En en ese punto cuando Ezequiel Espada alude a la homofobia de los agresores. «Cuando vieron los porteros que mis amigas estaban en medio y no se apartaban para que no me pegasen mas, se metieron en la entradilla de la discoteca (todo esto riéndose de mi, amenazándome, y cachondeándose, recibiendo un trato homófobo, sin importarles ninguna de las personas que había alrededor). Luego empezaron desde dentro a hacerme muecas y a gritarme amenazándome que era un maricón y que me iban a matar cuando salieran, a lo que les respondo que sí, que soy gay, y que qué tenia eso que ver con lo que estaba pasando. Me responden que era un maricón de mierda y que cuando salieran me iban a matar entre todos. Siguieron riéndose de mí, mientras yo estaba con un ataque de nervios y mis amigas llorando supernerviosas», relata.

El joven, además, denuncia el trato recibido in situ por los policías que acudieron a su llamada. «Terminamos llamando a la Policía, quien intervino y lo primero que hizo fue irse para la parte acosadora para escuchar su versión, mientras dos policías venían para nosotros y le intentábamos explicar lo que había sucedido, a lo que solo uno de ellos nos respondía que nos calláramos la boca y que tenían mejores cosas que hacer que estar con nosotros (todo esto sin apenas poderle explicar nuestra versión (…) En medio de todo esto escucho a un policía decir que como no me callara me iba a dar un guantazo. Yo y mis dos amigas llorando supernerviosos y totalmente desprotegidos por que no nos hacían ningún caso», añade.

La sala niega la versión del joven

La dirección de la Sala Vivo, por su parte, ha emitido un comunicado en el que niega las acusaciones del joven, aseguran estar «en contra de cualquier tipo de violencia» y condena «la manipulación y el oportunismo que se ha realizado de los hechos por parte del responsable de su difusión, usando de forma sesgada, manipulada y torticera su orientación sexual como pretexto de una conducta de la que el único responsable es él mismo». «Los hechos ocurridos se encuentran actualmente judicializados, siendo que la versión que mantiene esta empresa es radicalmente opuesta a las manifestaciones difundidas por el denunciante, que son difamatorias, y está perjudicando el buen nombre de la empresa, siendo que se han tomado las medidas necesarias para denunciar igualmente las agresiones físicas y verbales sufridas por el equipo de seguridad, así como los daños y perjuicios sufridos por las difamaciones vertidas», asegura.

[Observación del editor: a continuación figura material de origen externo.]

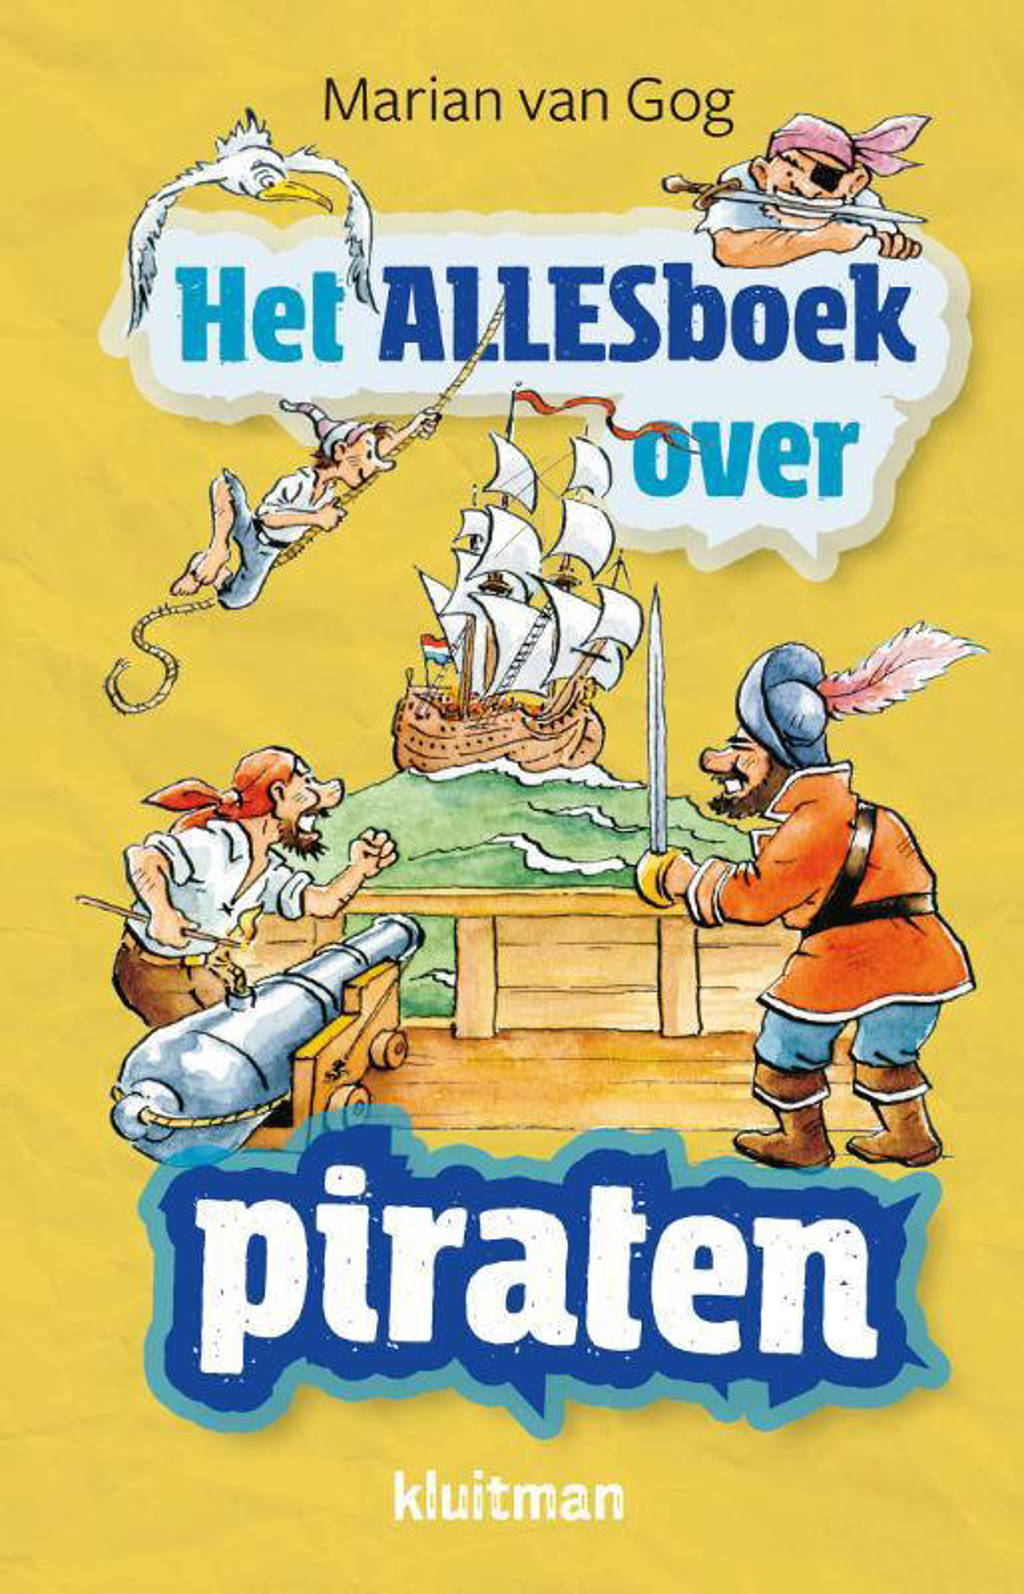 Het Alles boek over: Piraten - Marian van Gog

La Sala Vivo niega que se produjera «ninguna actuación homófoba en absoluto, siendo este un colectivo cliente habitual de nuestro negocio, y al que cuidamos y respetamos. En Sala Vivo no se toleran actitudes homófobas ni racistas, siendo un ejemplo de diversidad cultural y sexual no solo por la clientela que nos visita como entre su personal contratado. Este desafortunado incidente nada tiene que ver con la orientación sexual, se está usando la condición sexual de forma partidista y arrojadiza, involucrando a colectivos LGTB como arma de propaganda de unos hechos que se encuentran judicializados (…) No se va a permitir que se use la homofobia y agresiones a personas por su condición sexual como arma individual, subjetiva y negligente de un individuo a favor de su causa personal». 

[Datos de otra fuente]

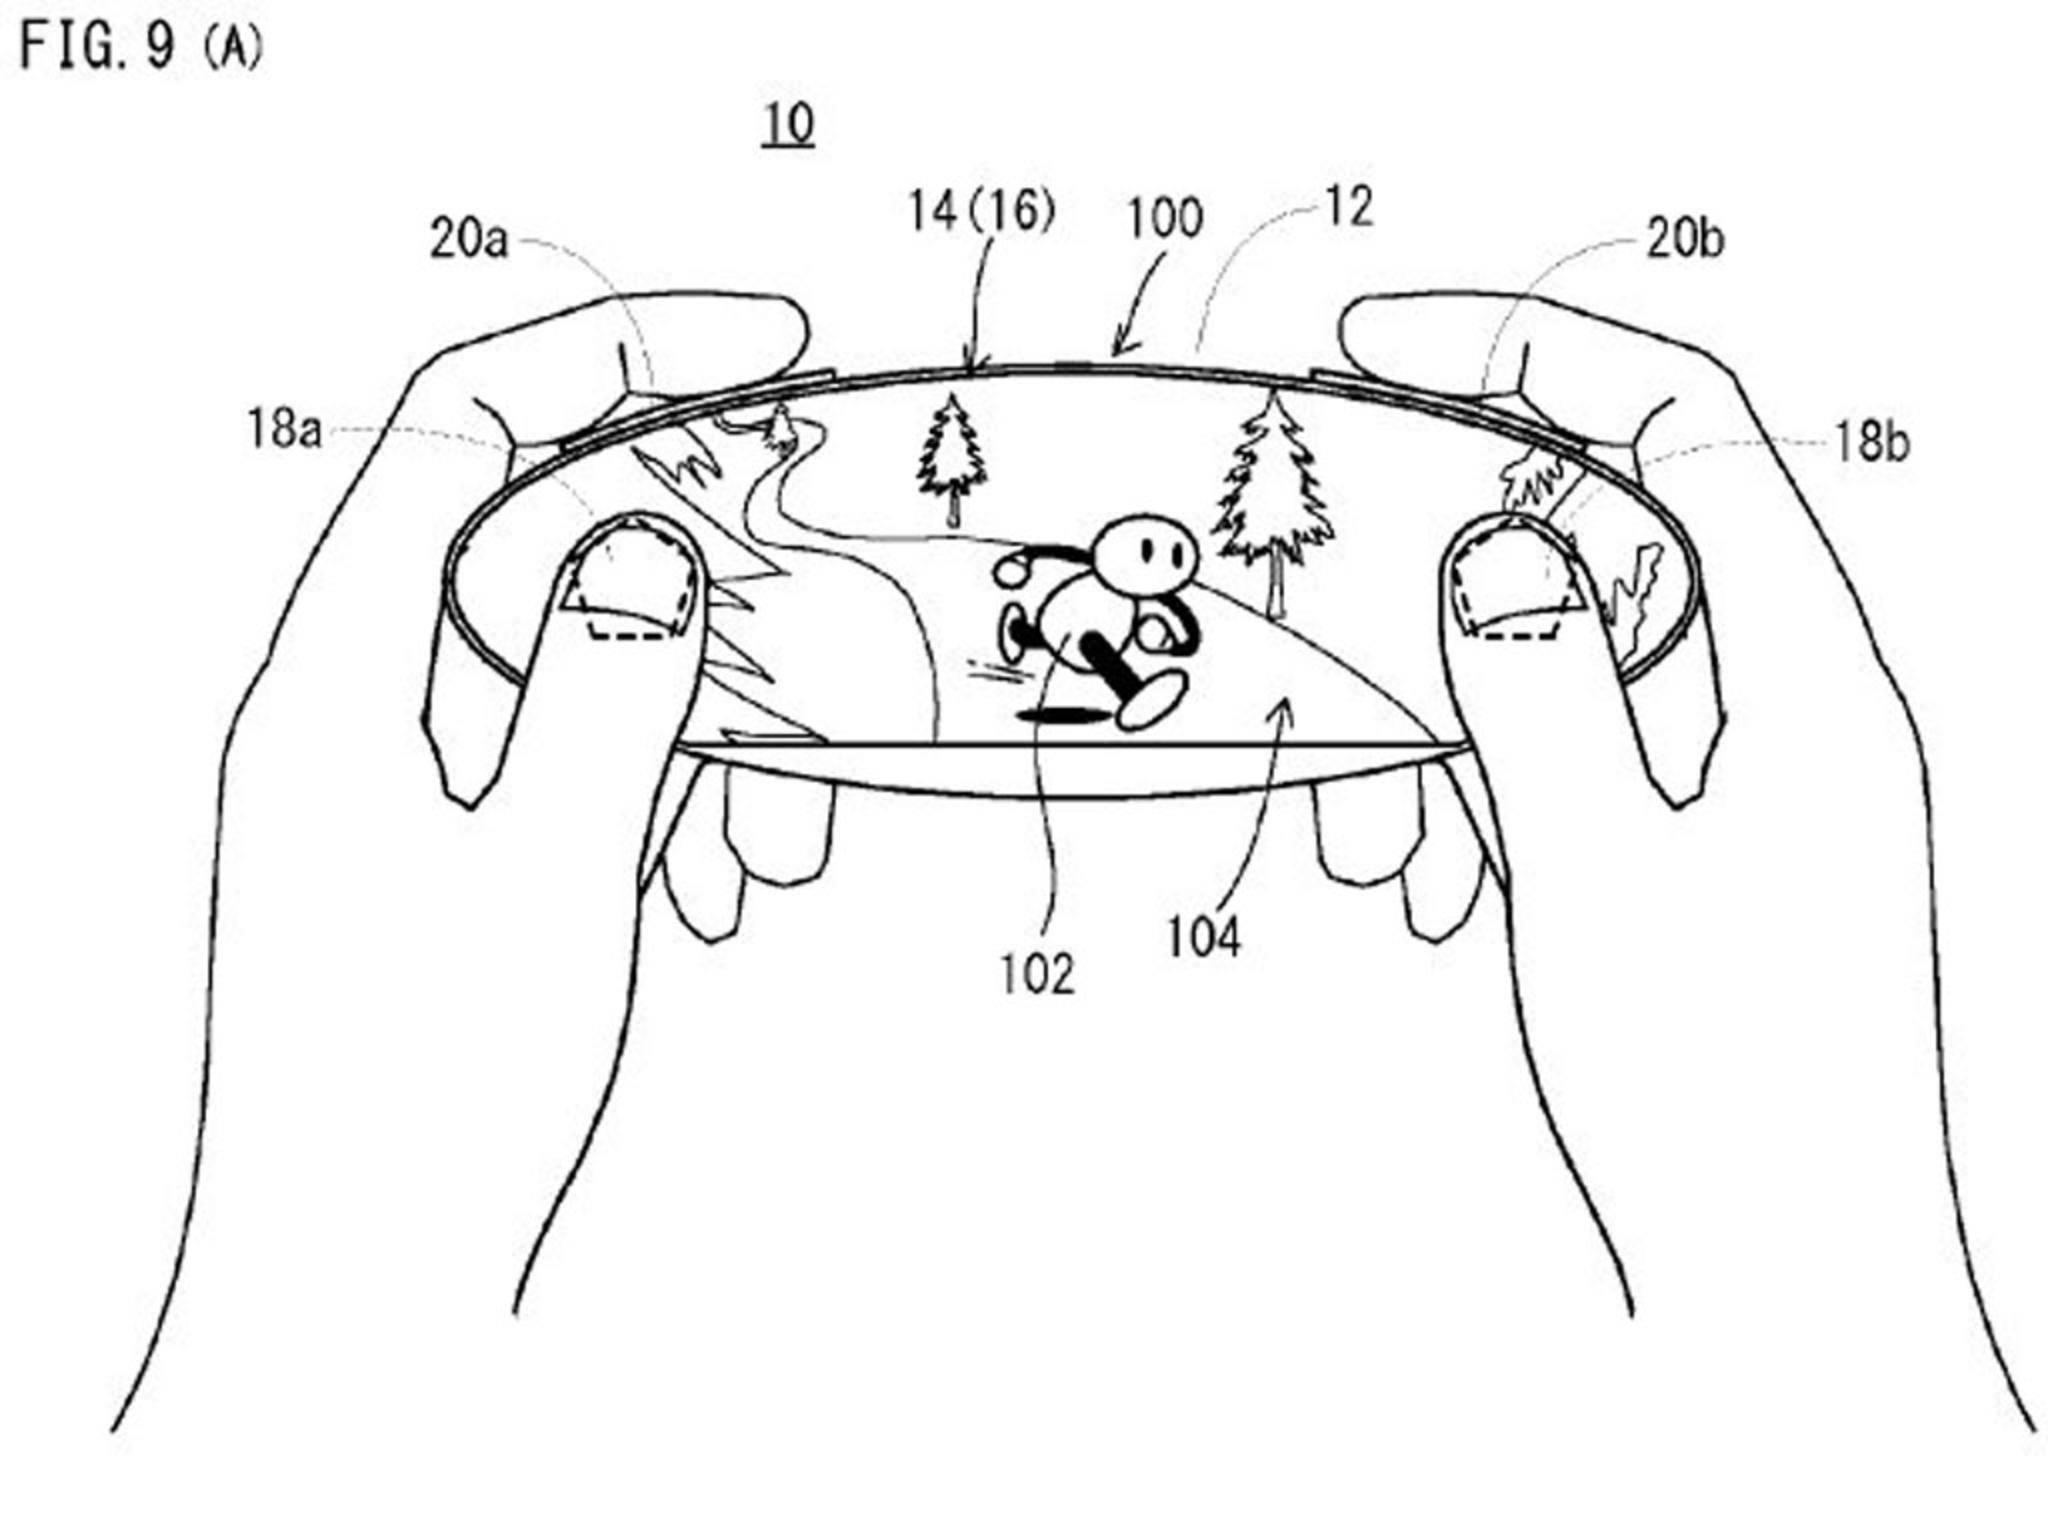 Das ist das Patent, dem das geleakte Bild ähnelt, und ...

A la espera de la acción de la justicia

Habrá que esperar a que la justicia siga su curso y determine responsabilidades. Ezequiel Espada, que ha recibido el apoyo del colectivo LGTBIQ+ de San Fernando Lambda La Isla, ha presentado la correspondiente denuncia policial, acompañada de parte de lesiones (en las imágenes, algunas de las heridas sufridas). Por su parte, la Sala Vivo asegura en su comunicado que «se han iniciado las medidas judiciales penales y civiles para restaurar la honorabilidad y dignidad de la empresa».

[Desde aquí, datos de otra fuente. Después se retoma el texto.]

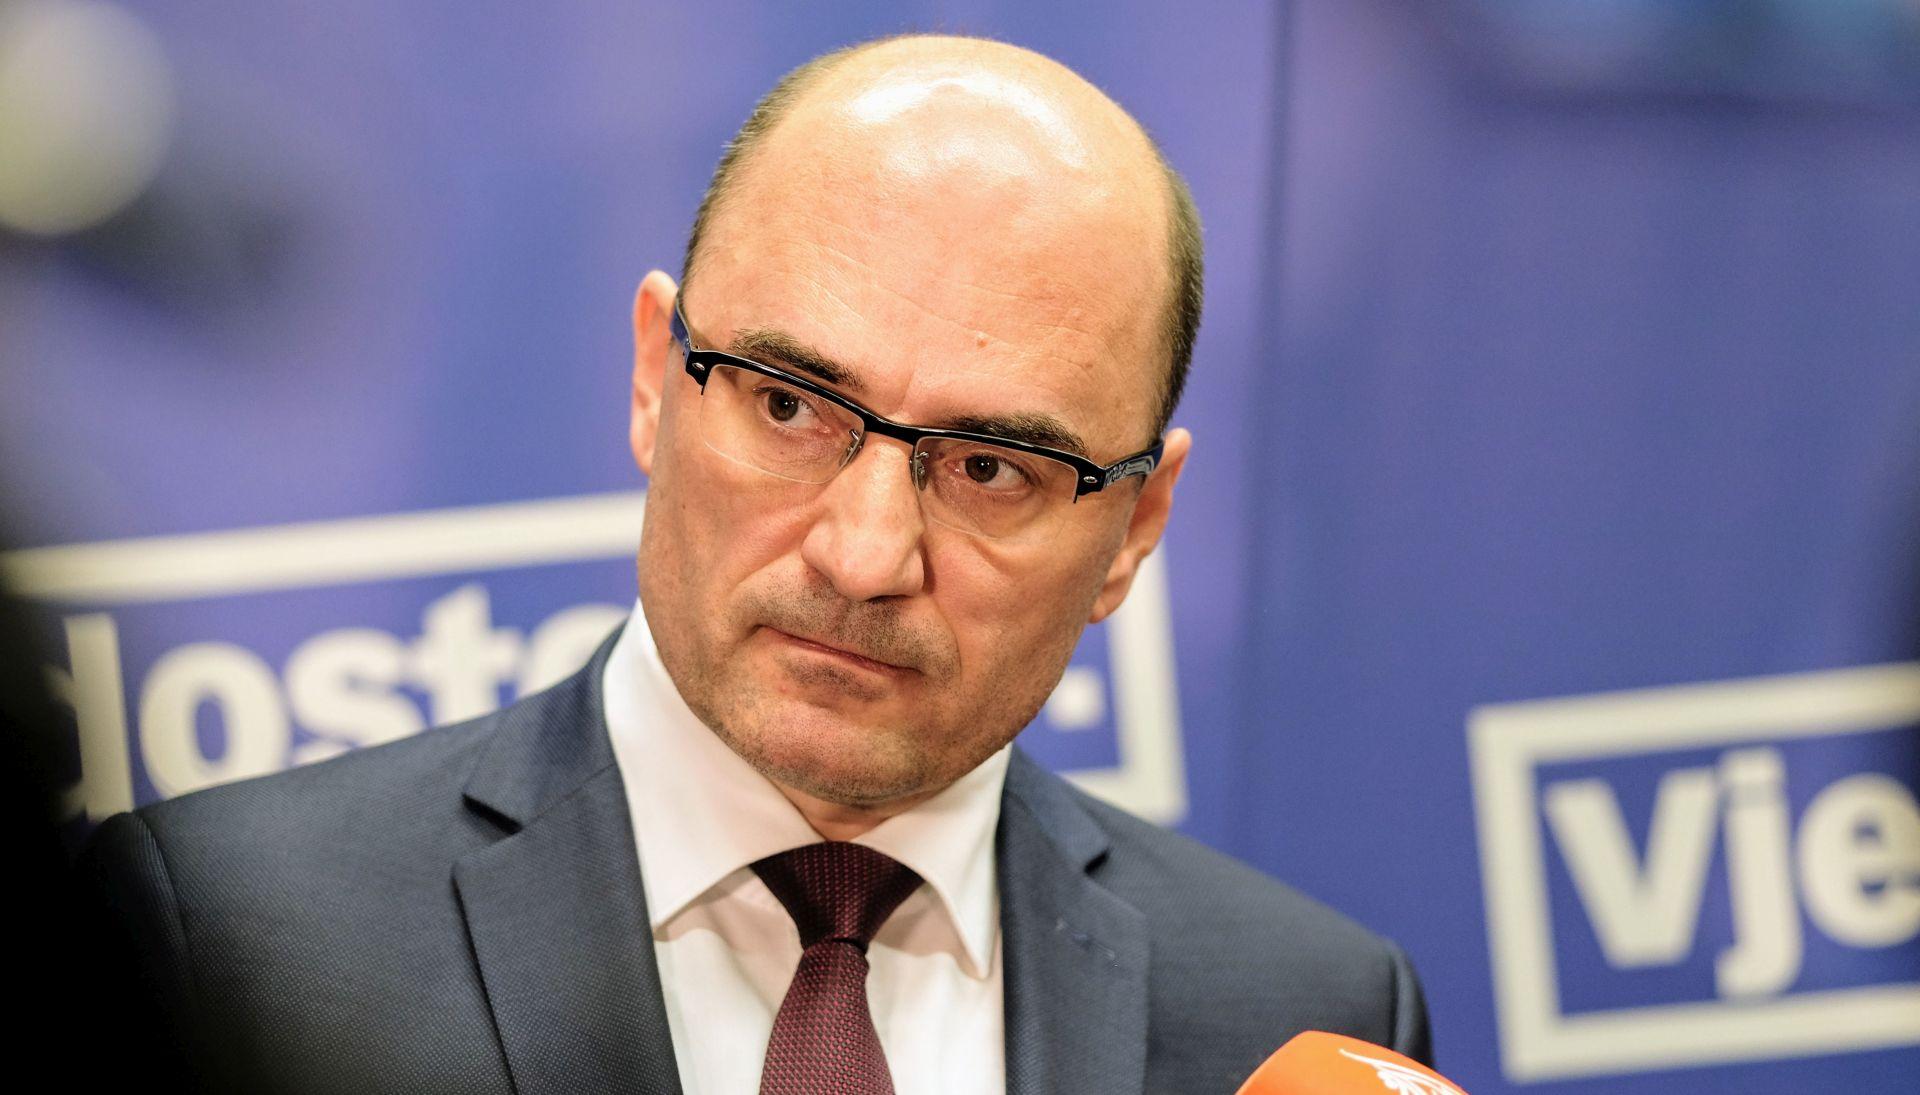 AFL osudio Brkićevu izjavu kako Pupovac i manjine neće određivati Vladu

Ezequiel Espada, además, ha apelado a la colaboracion ciudadana. «Sabemos que hubo gente que grabó en vídeo todo lo que pasó, por favor pedimos que si todavía existe algo de humanidad, si alguien sabe algo o puede tenerlo, que por favor se ponga en contacto con alguno de nosotros para pasárnoslo, y que por supuesto no vamos a involucrar a nadie. Solo queremos hacer justicia, porque como ya sabéis estos casos suelen pasar desapercibidos y no suelen llegar a nada, si no matan a una persona o si no es algo que se vea superclaro», pide en su carta.